### Data provided
*** Block opens ***

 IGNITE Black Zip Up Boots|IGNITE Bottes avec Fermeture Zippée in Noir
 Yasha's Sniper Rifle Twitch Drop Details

*** Block closes ***
*** Block opens ***

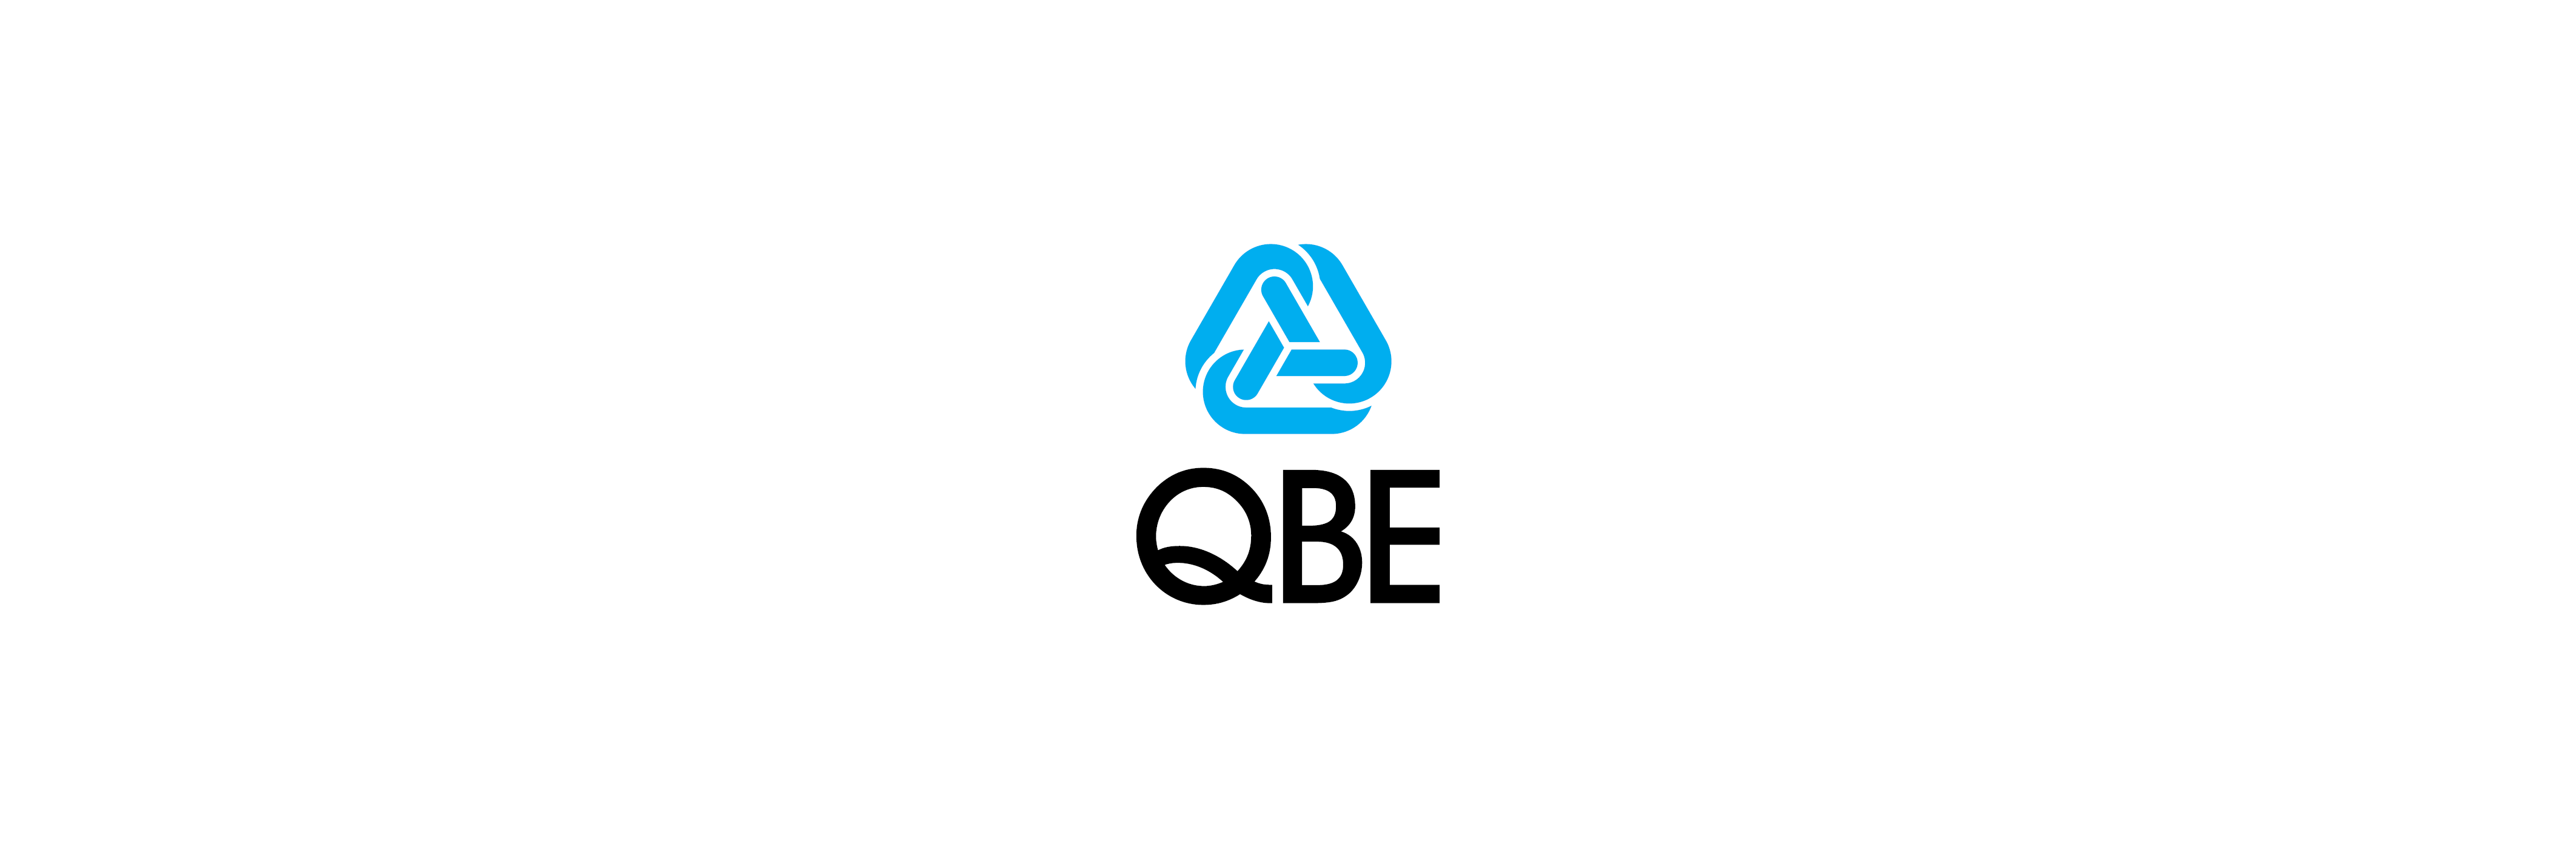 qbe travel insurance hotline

*** Block closes ***

### Task requirements
Return the span of lines in the data above that opens at the line with "IGNITE Black Zip" and closes at the line with "Yasha's Sniper Rifle Twitch Drop Details", exactly, ends included, nothing else.

### Expected answer
 IGNITE Black Zip Up Boots|IGNITE Bottes avec Fermeture Zippée in Noir
 Yasha's Sniper Rifle Twitch Drop Details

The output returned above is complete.